*PROMPT*: Please give the whole listing again word for word, and drop any pictures it holds.

*DATA EXTRACT*:
*****
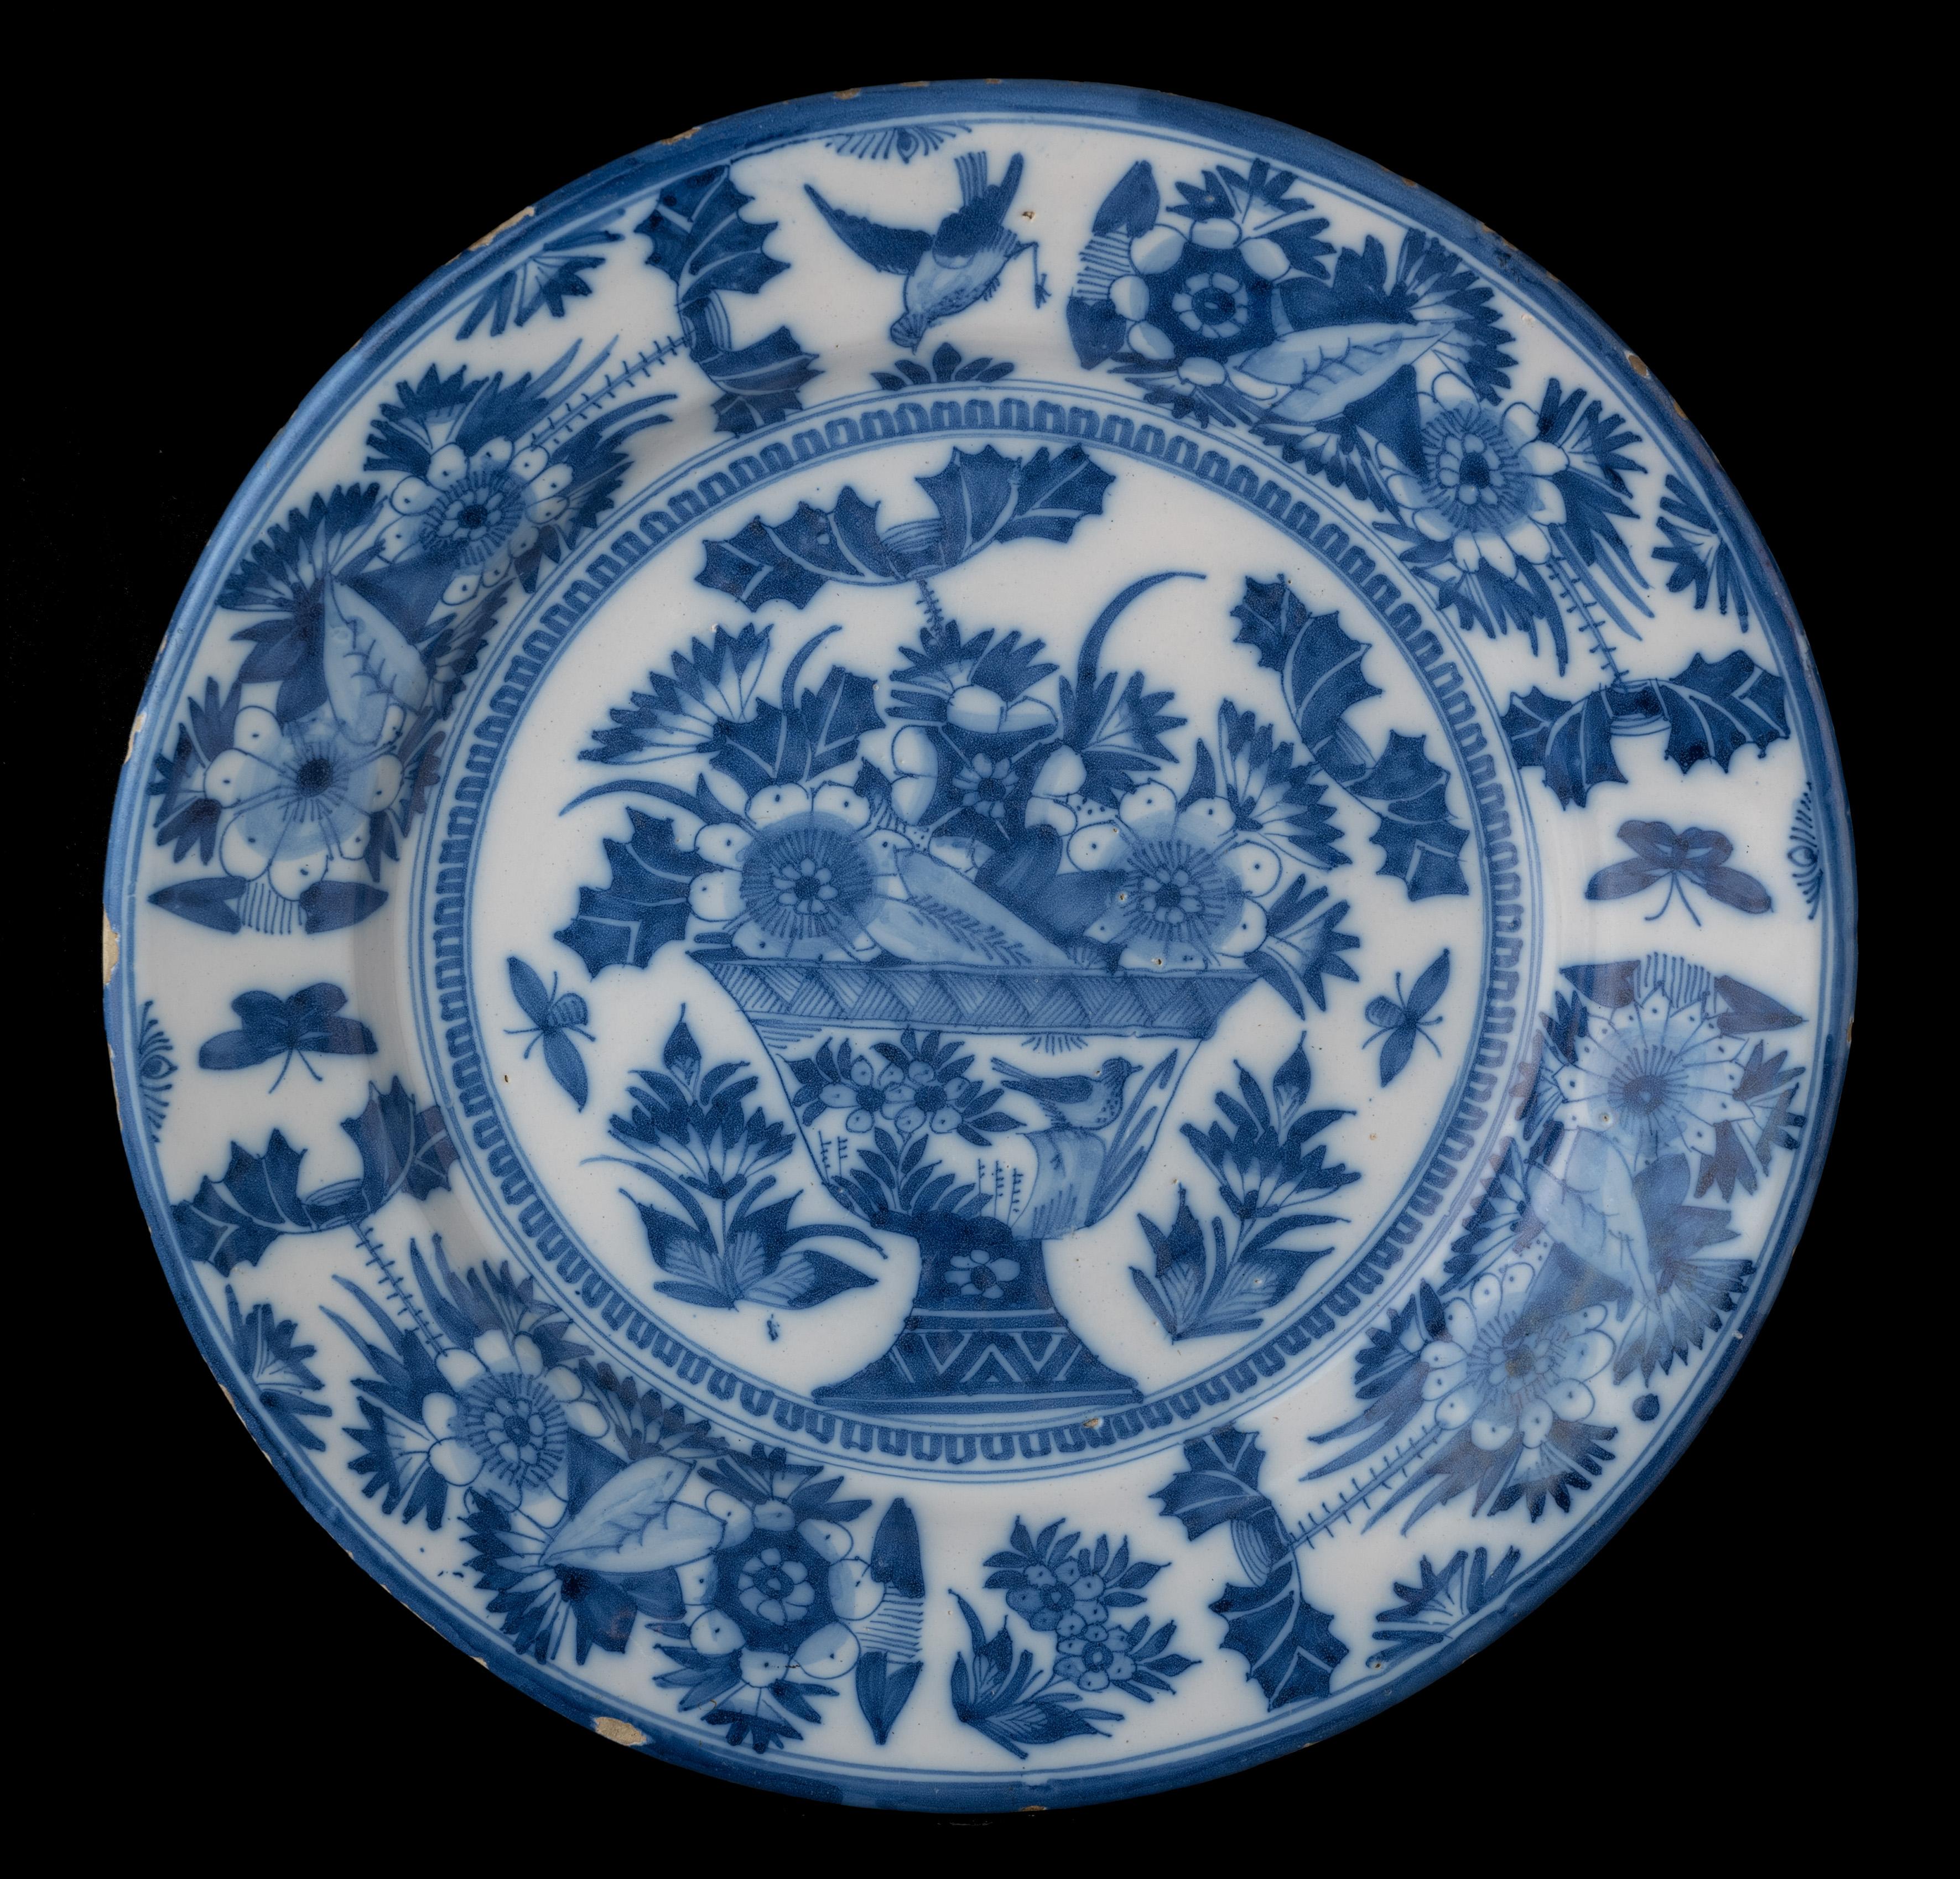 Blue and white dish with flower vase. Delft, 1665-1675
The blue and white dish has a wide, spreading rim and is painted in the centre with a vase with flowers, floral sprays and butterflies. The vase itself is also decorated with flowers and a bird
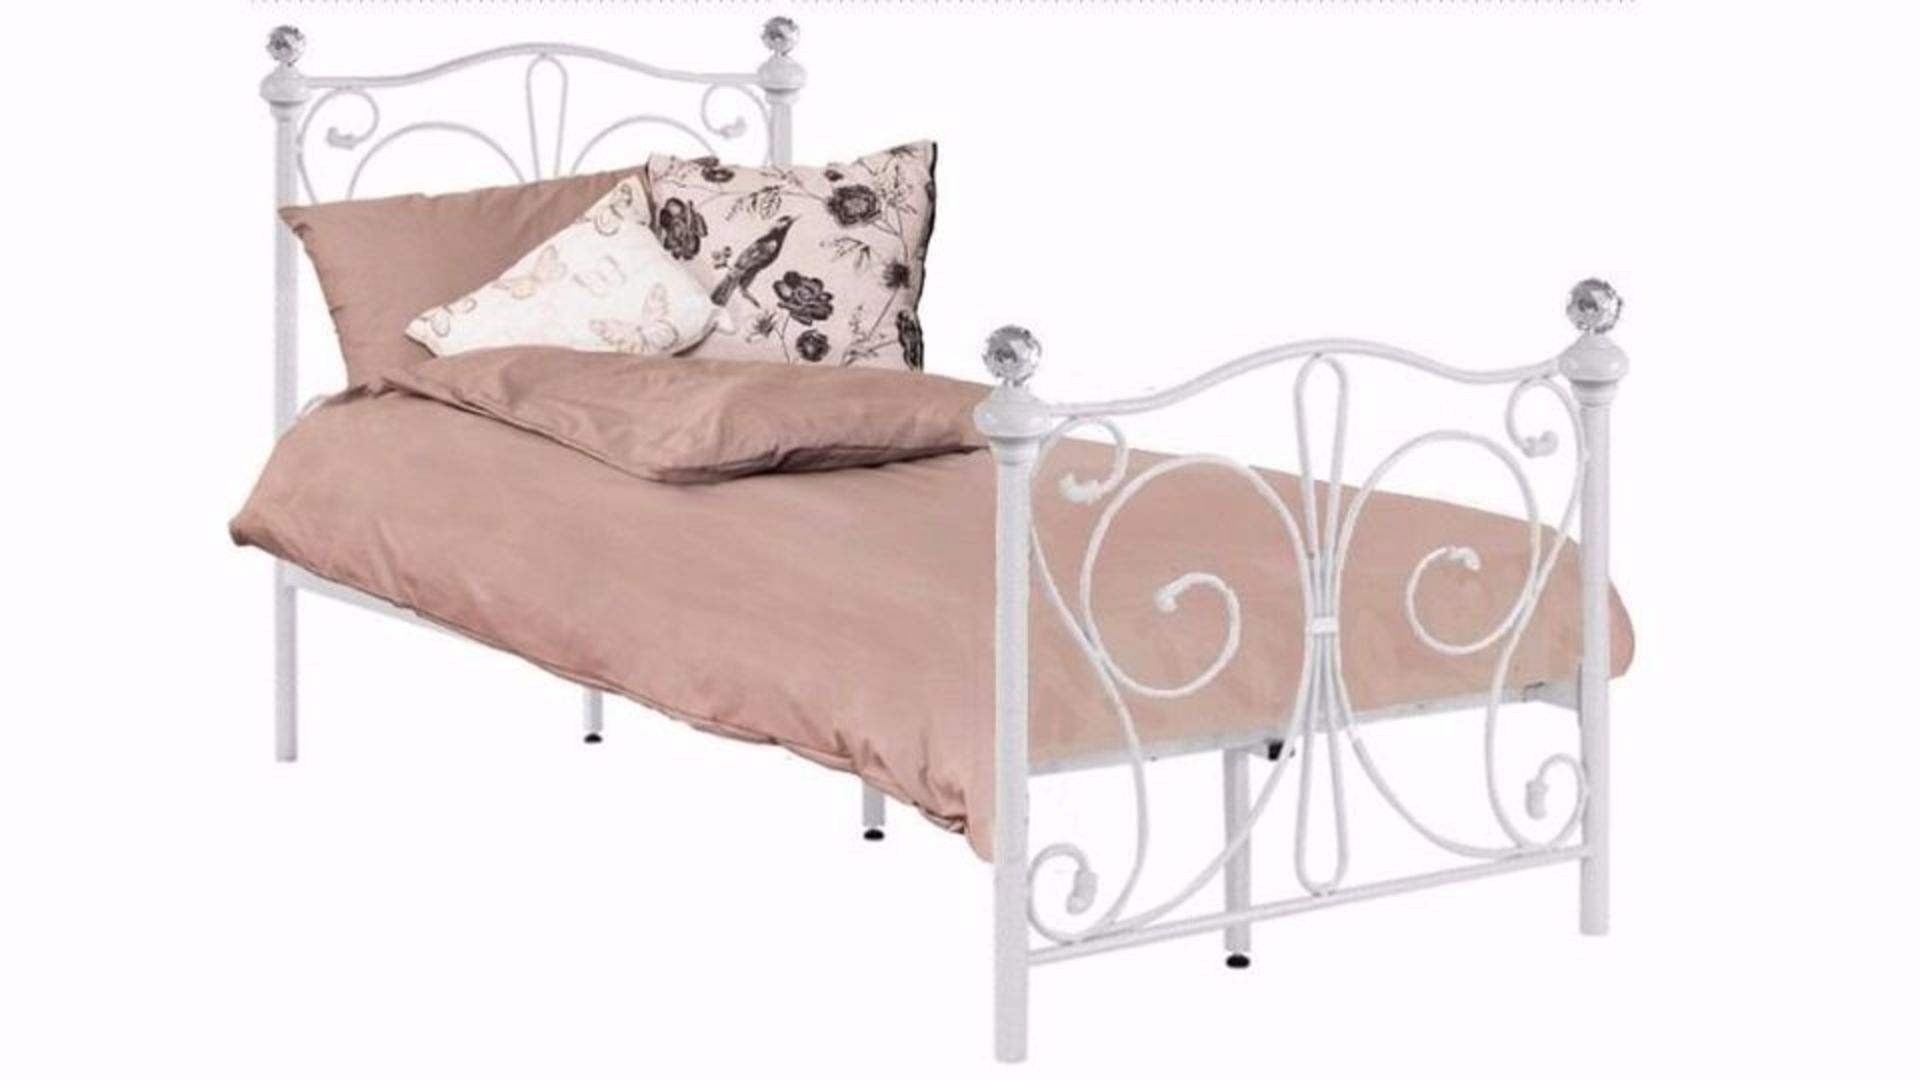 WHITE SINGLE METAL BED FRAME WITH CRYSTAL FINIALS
*****
*EXERCISE RESPONSE*:
 Blue and white dish with flower vase. Delft, 1665-1675
The blue and white dish has a wide, spreading rim and is painted in the centre with a vase with flowers, floral sprays and butterflies. The vase itself is also decorated with flowers and a bird
 WHITE SINGLE METAL BED FRAME WITH CRYSTAL FINIALS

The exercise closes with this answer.